The self we think to be true and important is pure illusion, and a lie that is the cause of a large proportion of human suffering. | "And God created man in His own image, in the image of God He created him; male and female He created them." "Then the Lord God formed man of dust from the ground, and breathed into his nostrils the breath of life; and man became a living being" (Genesis 1:27; 2:7).
Perhaps the greatest difference between Buddhism and Christianity is that Buddhism very explicitly does not require an act of faith. | "And without faith it is impossible to please Him, for he who comes to God must believe that He is, and that He is a rewarder of those who seek Him" (Hebrews 11:6).
There is no permanent self in Buddhism.

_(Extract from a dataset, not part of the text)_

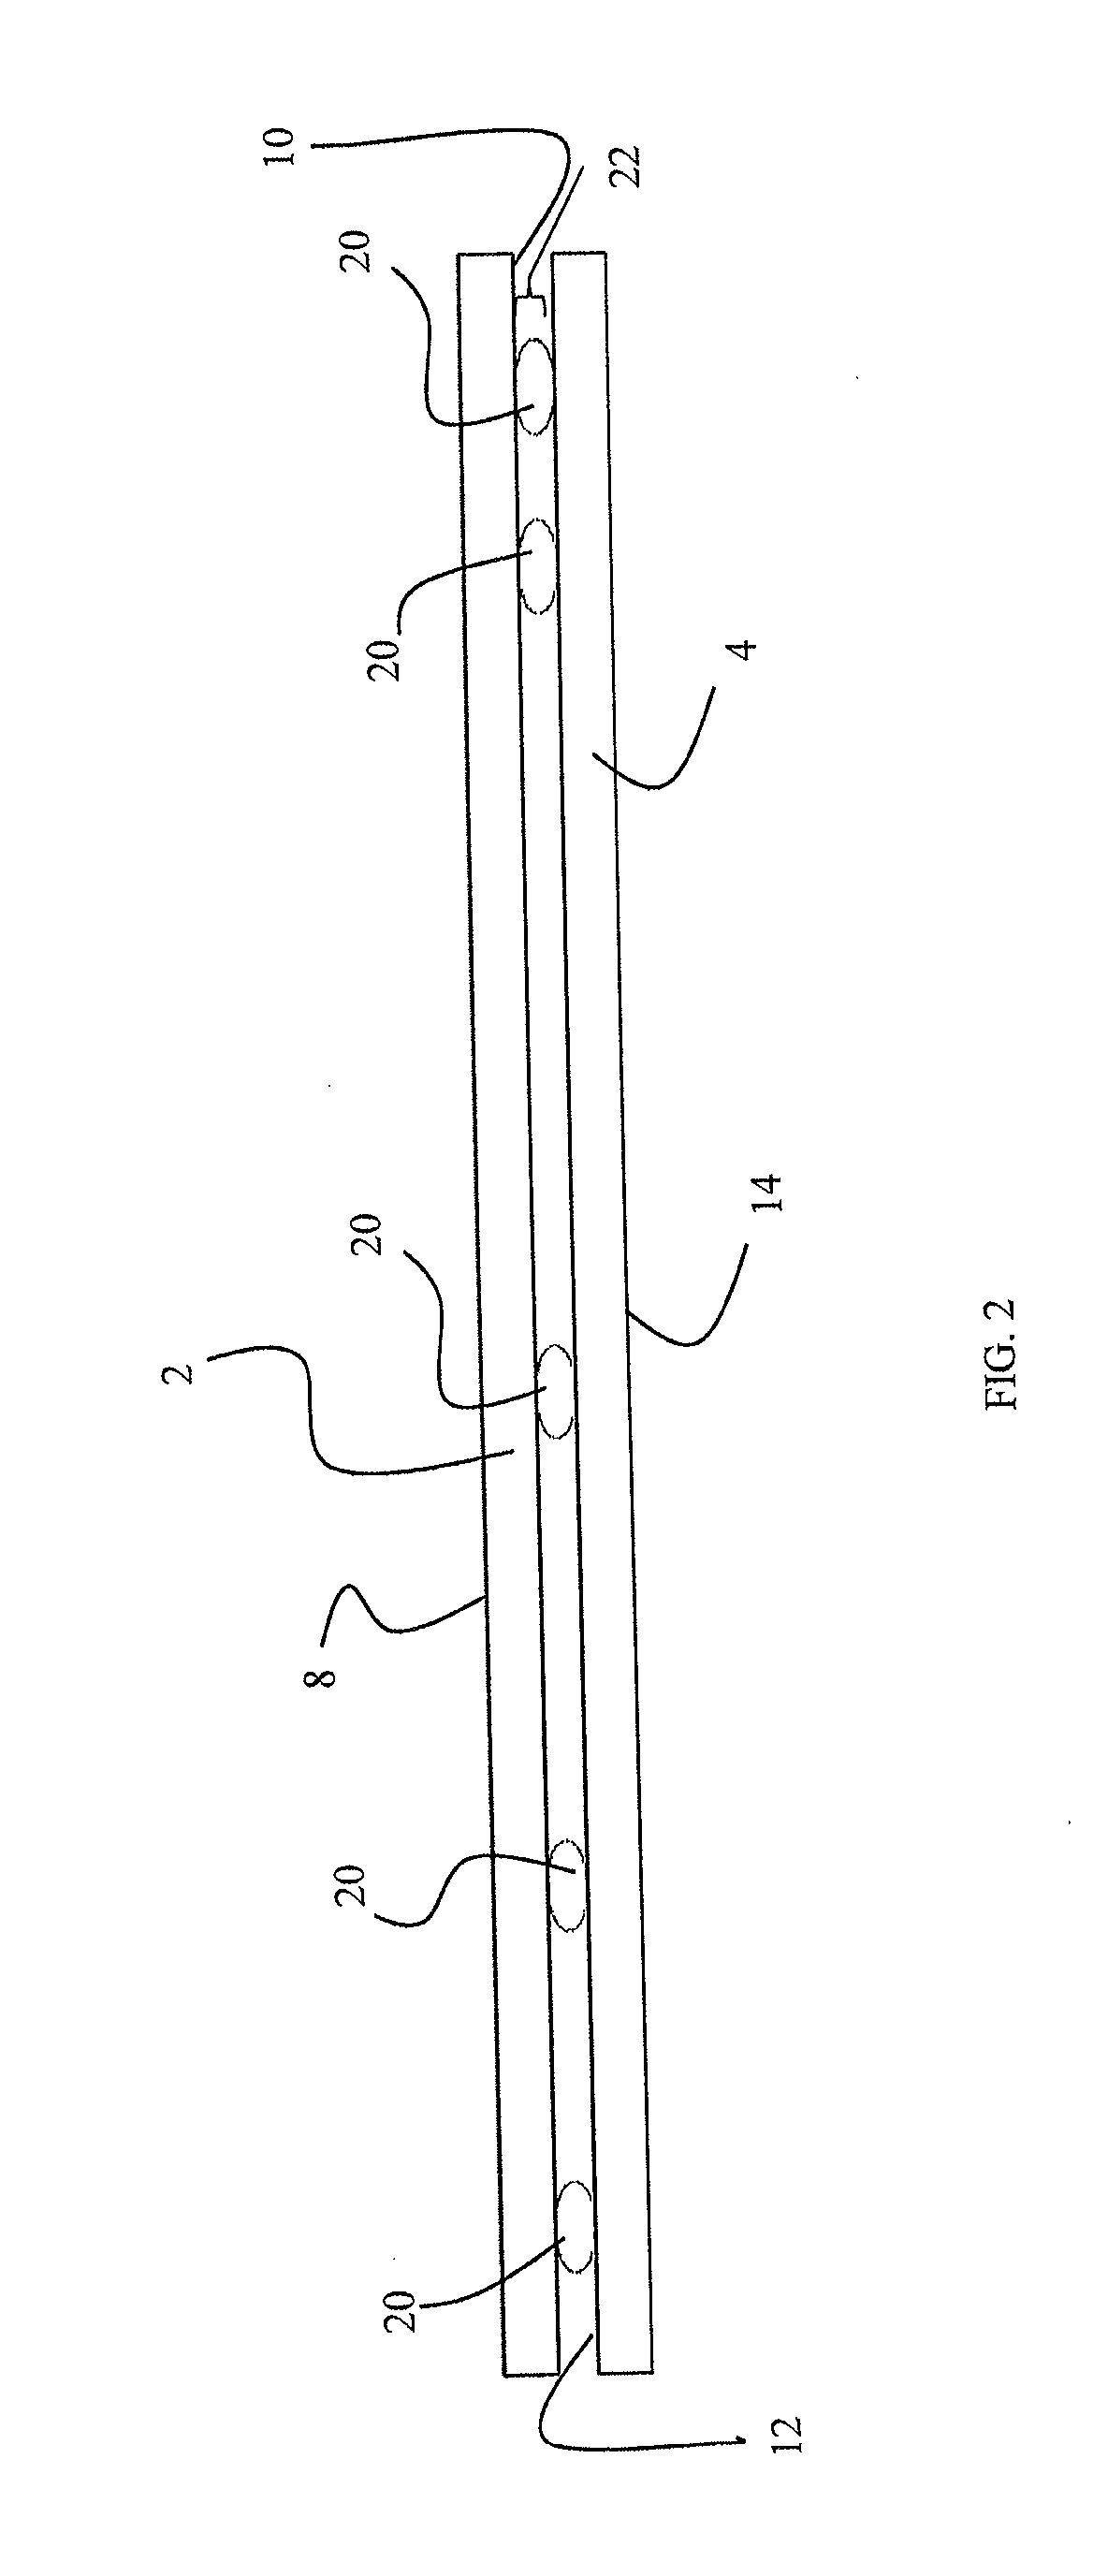 Method and device for transporting patients between target modalities using rollers

In fact, nothing is permanent | "Thy kingdom is an everlasting kingdom and Thy dominion endures throughout all generations." "But Thou, O Lord, dost abide forever" (Psalm 145:13; 102:12a)
Do not believe in that which you have yourselves imagined, thinking that a god has inspired it | "All scripture is inspired by God and profitable for teaching, for reproof, for correction, for training in righteousness; that the man of God may be adequate, equipped for every good work" (2 Timothy 3:16-17).
According to Buddhism the universe evolved, but it did not evolve out of nothingness; it evolved out of the dispersed matter of a previous universe, and when this universe is dissolved, its dispersed matter--or, its residual energy which is continually renewing itself--will in time give rise to another universe in the same way. The process is therefore cyclical and continuous. The universe is composed of millions of millions of world-systems like our solar system, each with its various planes of existence." | "In the beginning God created the heavens and the earth." "By faith we understand that the worlds were prepared by the word of God, so that what is seen was not made out of things which are visible" (Genesis 1:1; Hebrews 11:3).
Notes
 Smith, p. 107, quoting E.A. Burt (ed.), The Teachings of the Compassionate Buddha (NY: Mentor, 1955), p. 50.
 Smith, p. 108.
 Woodward (tr.), p. XXI.
 Ibid., p. 109.
 Walt Anderson, p. 26.
 Ibid., p. 32.
 David-Neel, p. 123.
 Neill, p. 121, citing Maha Thera U Tittila in The Path of the Buddha (ed.), K.W. Morgan, (1956), pp. 77-78.